3 Replies Latest reply on Aug 21, 2016 2:08 AM by dánielk63456349

    OCSP validation: treating thisUpdate as the response signature date. Bug ?

    Mathieu Fortin Level 1

      Hi all


      According to RFC 6960, the following date fields in an OCSP response are defined as:

      thisUpdateThe most recent time at which the status being indicated is known by the responder to have been correct.

      The time at which the OCSP responder signed this response.


      When validating a signer against an OCSP response, Acrobat seems to consider the thisUpdate field as the date the OCSP response was signed. For example:

      An OCSP with the following fields:

      thisUpdate: Fri Apr 29 07:29:58 EDT 2016

      nextUpdate: Fri Apr 29 10:40:38 EDT 2016

      producedAt: Fri Apr 29 10:35:38 EDT 2016


      will yield the following result in Acrobat:

      The OCSP Response was signed by "OCSP Authority" on 2016/04/29 07:29:58 -04'00' (<--- thisUpdate) and is valid until 2016/04/29 10:40:38 -04'00'.


      Aside from showing erroneous information, this becomes a real problem when the OCSP Responder is using validation information which is older than the responder certificate (thisUpdate < responder certificate notBefore). In that scenario, validation fails with not yet valid exception since thisUpdate is used as signature date, which is before the certificate existence.


      Any info on this ? Am I wrong with my assumptions ?

        • 1. Re: OCSP validation: treating thisUpdate as the response signature date. Bug ?
          IsakTen Level 4

          Here's the relevant part of OCSP 2560:


          2.5 Response Pre-production

          OCSP responders MAY pre-produce signed responses specifying the status of certificates at a specified time. The time at which the status was known to be correct SHALL be reflected in the thisUpdate field of the response. The time at or before which newer information will be available is reflected in the nextUpdate field, while the time at which the response was produced will appear in the producedAt field of the response.


          What that means is that producedAt indicates when the OCSP response was actually produced. It has no bearing on the time period for which this OCSP response is valid. The Acrobat wording in the Certificate Viewer may be a bit off, but it conveys, IMO, the information the user needs, i.e. the starting time for this OCSP to be used.

          • 2. Re: OCSP validation: treating thisUpdate as the response signature date. Bug ?
            Mathieu Fortin Level 1

            I wouldnt mind if it was just the wording. But like I explained, since it considers (wrongly) the thisUpdate as the signing time, it validates that this signing time falls between the notBefore and notAfter values of the OCSP responder certificate. So it fails when thisUpdate is set before the ocsp certificate existence. If producedAt was used as the signing time (like the RFC describes), this error would probably not occur.
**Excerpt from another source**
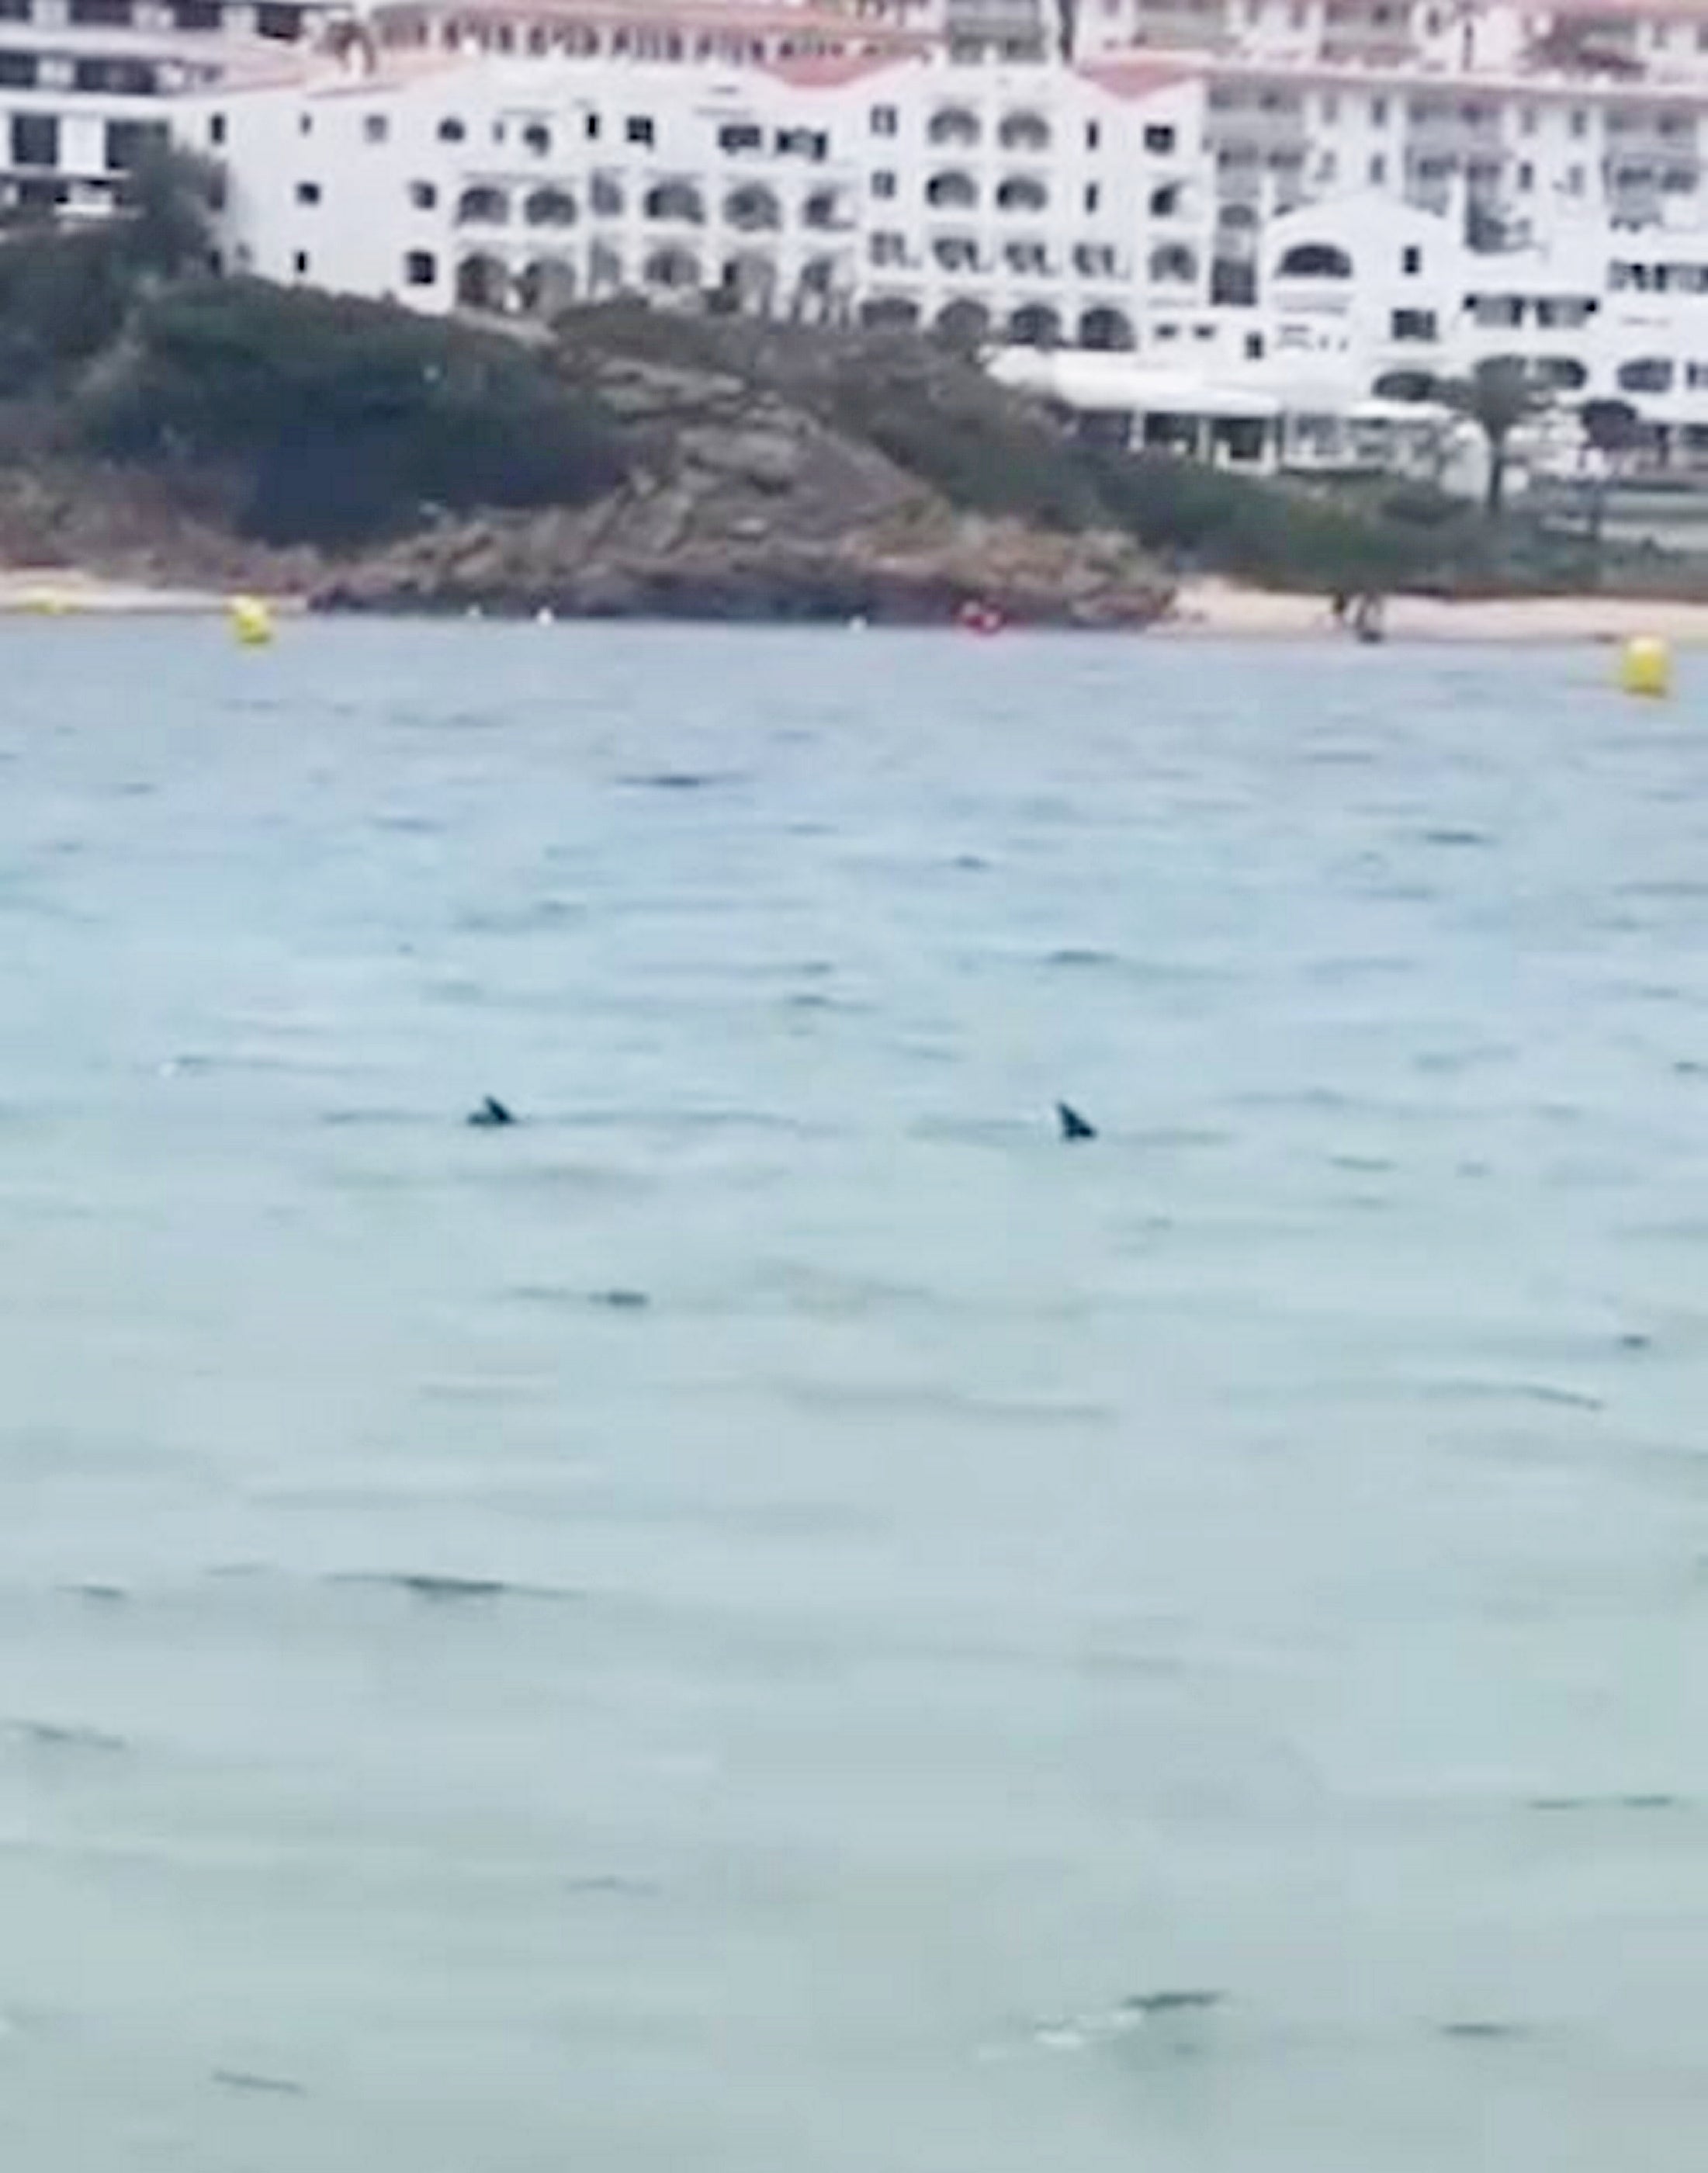 Children were evacuated from the sea, but others were allowed to come close enough to video the shark

            In other words, lets say we issue ocsp responders for short time periods, it seems they cannot produce responses with thisUpdate prior to their existence, even though they are using validation info directly from their parent CA (whose validation info dates back from the beginning). I dont see anything in the RFC which prohibits thisUpdate set to a time BEFORE the ocsp responser certificate notBefore (I may be wrong here).


            I know this case is covered by the Archive Cutoff extension, but considering the thisUpdate as the signing time instead of producedAt looks like a bug IMO.

            • 3. Re: OCSP validation: treating thisUpdate as the response signature date. Bug ?

              I think I just ran into this problem too. In my case users need to be able to validate PDF files off-line in a network environment where Internet access is prohibited. Also long-term archival is expected by embedding revocation information and protecting them with document time stamps.

              What I found is that Adobe Acrobat Pro DC (version 15.006.30201) will nicely validate all signatures with embedded OCSP responses after they are created. However, the next day these validations fail, as Adobe wants to download revocation data which it obviously can't due to lack of Internet access. I go like "Why does it want to download revocation NOW when all embedded information was OK YESTERDAY?" Acrobat also wrote that OCSP response is expired. I digged into RFCs looking for expiry of OCSP responses but I couldn't find any (I only found NextUpdate which is NOT the expiry of the revocation information). So this means that latest Adobe products (both Acrobat and Reader DC) cannot handle OCSP responses rendering this type of revocation useless.

              So it sure looks like a bug the way OCSP responses are handled. I wonder why not many others have come across this problem before?